Da Lata: Serious

Da Lata
Serious
Palm Pictures
2003-10-21

Chalk it up to a good idea gone dull along the way because Da Lata’s latest album is a brandy-Xanax pillow mint. It’s a shame, since Latin rhythms seem ready ripe to interface with techno’s relentless hunger for hybrids. In fact, some of the best records I’ve heard this year from the new Thievery Corporation and Cibelle, to the blissed out bossa nova of Nicola Conte’s project with Rosalia De Souza, have been seamless stitches that simply amplified the juicy sway inherent in their South American swipes.

Patrick Forge and Chris Franck make a competent record by any standard, but there’s just nothing here that even fights for your attention. It has hipster boutique written all over it, the kind of instantly backdropped coolness that’s effective for not being arresting. Songs like “Nuts” perfectly recede behind an afro pop skeleton that simply loops to the point where you couldn’t possibly still be listening. The theft of techno’s tendency to hinge on the dubious hypnotic power of repetition leaves the record mired in beats that consistently wear out their welcome. Most egregiously, “Serious”, which takes Bembe Segue’s hauntingly funky refrains and buries them in a bubble funk morass that spins out its rickety rhythm for an inexplicable six minutes. Trimming the gristle though, would only highlight the scarcity of germinating ideas for this album. Serious really needs an lengthy session of beat therapy, perhaps having Timbaland put a stethoscope to the songs and smacking them all on the ass. Something.

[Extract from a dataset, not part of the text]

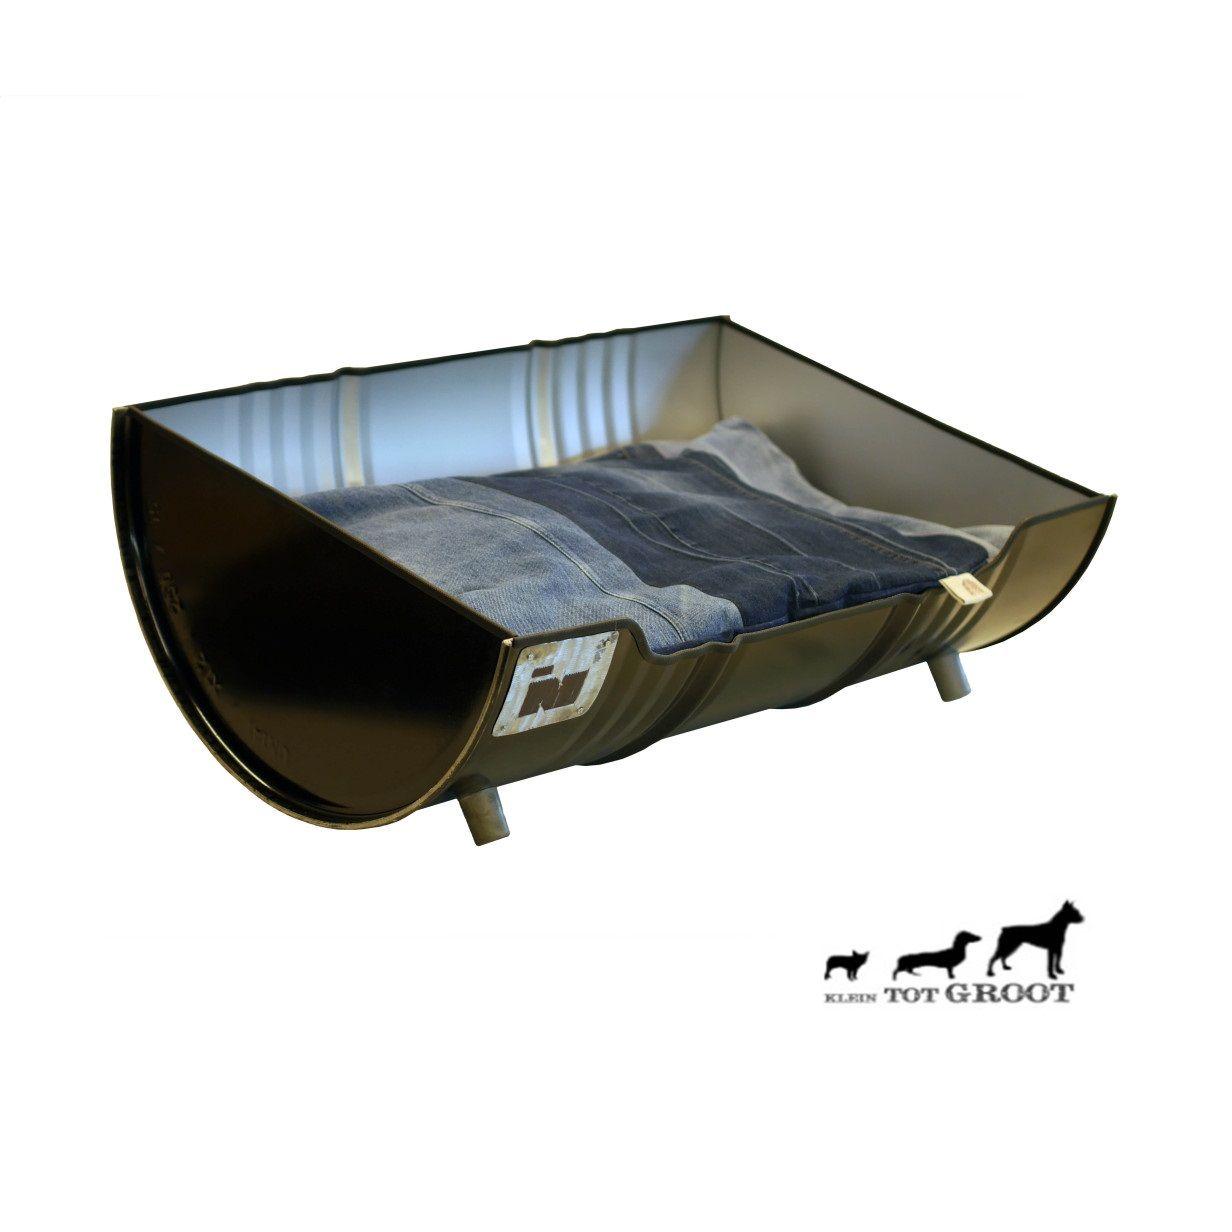 Stoere Hondenmand Olievat Xxl Industrieel En Origineel Indusigns Nl Hondenmand Hond Kat Honden

To sucker someone into a trance, you need to first get them to look your way. The borrowed rhythms on Serious sound stunted, muted, and in an odd way, contradictory. “Alice” sounds like the lost shameful marriage between lounge funk and muzak, a horrible amalgam of swishy keyboard, boingy background noises and drum beats with all the pleasant subtlety of Poe’s ticking telltale heart. When the songs aren’t difficult to notice, they can be hard to endure. “Can it Be?” veers off the path musically, but not the firmly established rut of monotony. Courtney Denni has the misfortune of sounding like a mix between Craig David and Michael Jackson, a fact that instantly condemns the song to a draining R&B undertow. While the acoustic guitar work and drum beats stand out in a much more foregrounded way, they seem completely on holiday from one another as if you’re listening to the songwriting equivalent of a conference call. Every musical influence involved on songs like this, which are sadly most of them, have the effect of making you wonder how the experiment in cross-cultural chemistry actually contributes to any one of the elements involved. The techno house vein loses much of its kinetic punch when submerged in lukewarm vocals and beats that sound buffed to the point of fluff and the Brazilian and African rhythms sound flat and driven to such a point of simplicity that they may well be C&C Music Factory songs with bongos.

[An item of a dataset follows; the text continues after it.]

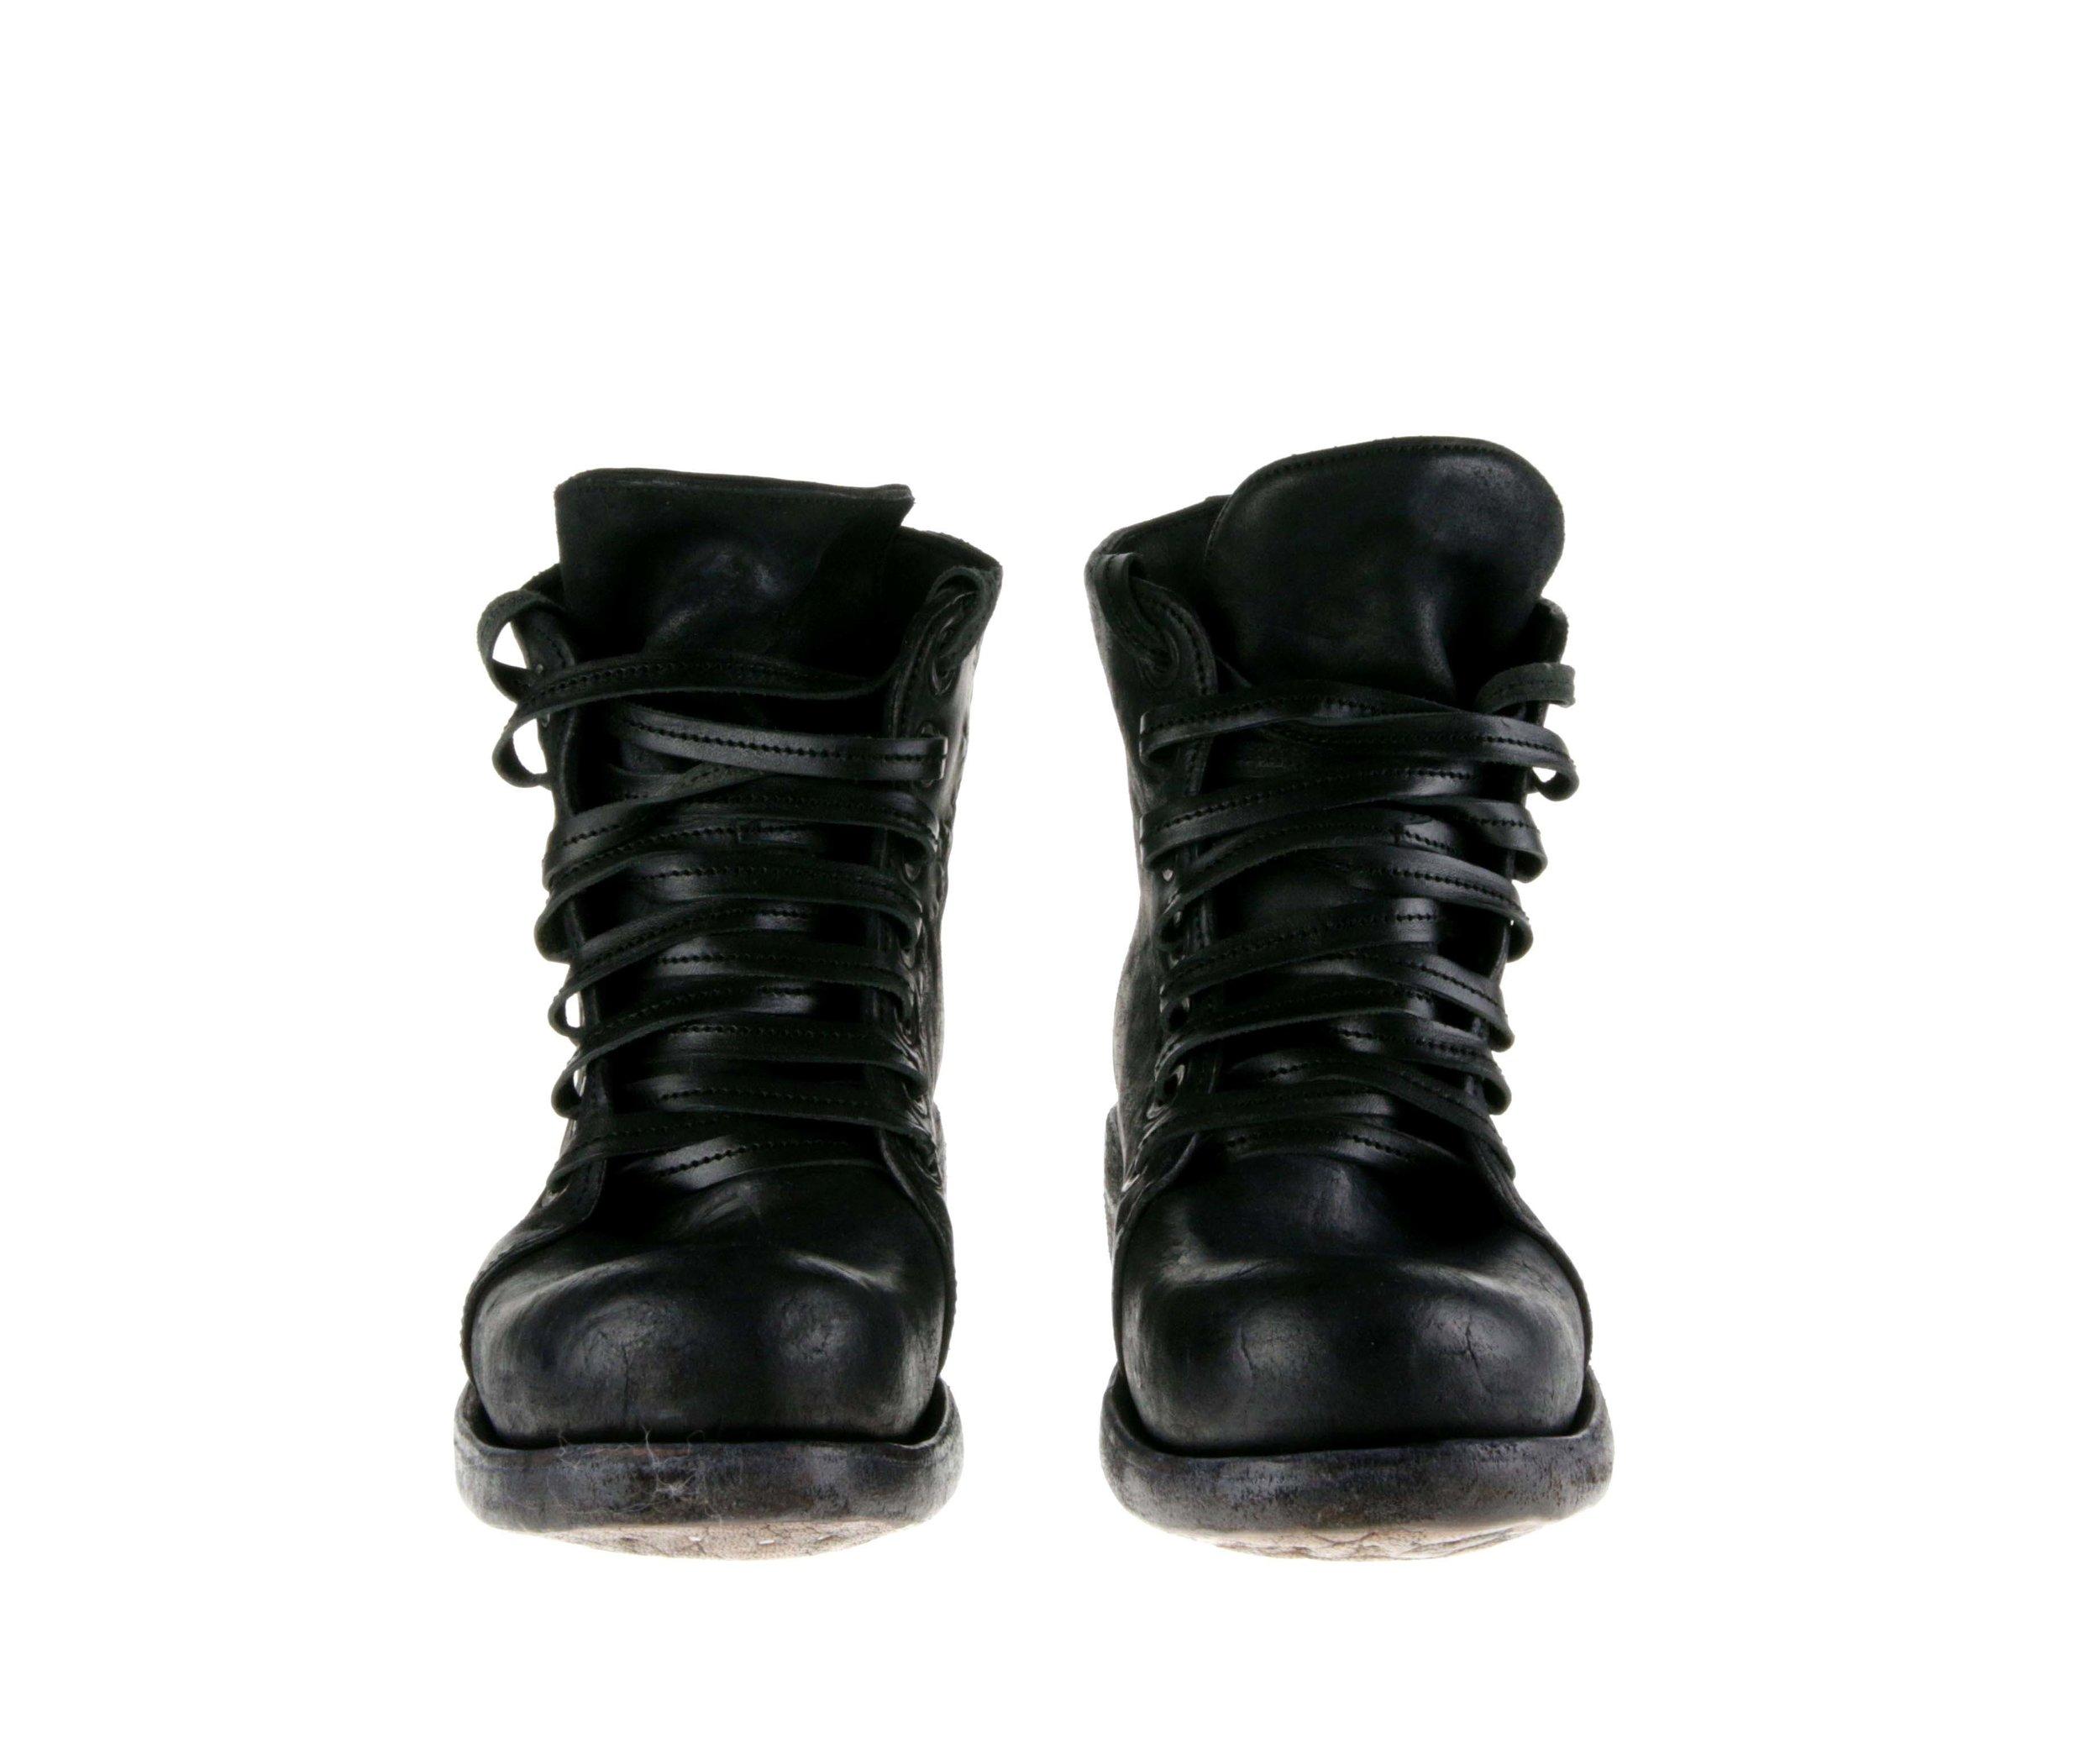 7Hole Boot Black Culatta Double Front.jpg

Chris Franck’s also plays with Smoke City, a wonderfully eclectic, trip-hop, bossa nova, techno outfit whose songs take risks, enchant, and activate the listener much more than anything on this record. So it’s not surprising that the best songs are those that include Franck’s Smoke City collaborator, Nina Miranda. “Distracted Minds” actually slinks and purrs, captivating with Miranda’s scent trail of a voice coupled with Baaba Maal’s growl. The pull between their voices creates the first sign of creative friction on this album, and it smolders. I could listen to Nina Miranda count gumballs. “Something” also tangles through the speakers with a vaguely Middle Eastern/Tango gloss, pitting Nina Miranda in a gravely give and take with Jhelisa Anderson. The bass is thick, damp and knotty and the beat spirals and taunts like a lithe hand with castanets.

Serious could have gone completely differently. All the elements are here: the globetrotting high-caliber vocalists, the heavy petting beats, and the cosmopolitan grasp of grafts. For many reasons, these pieces never really come together well, resulting in a sorry diluted quilt of internationally-flavored boredom.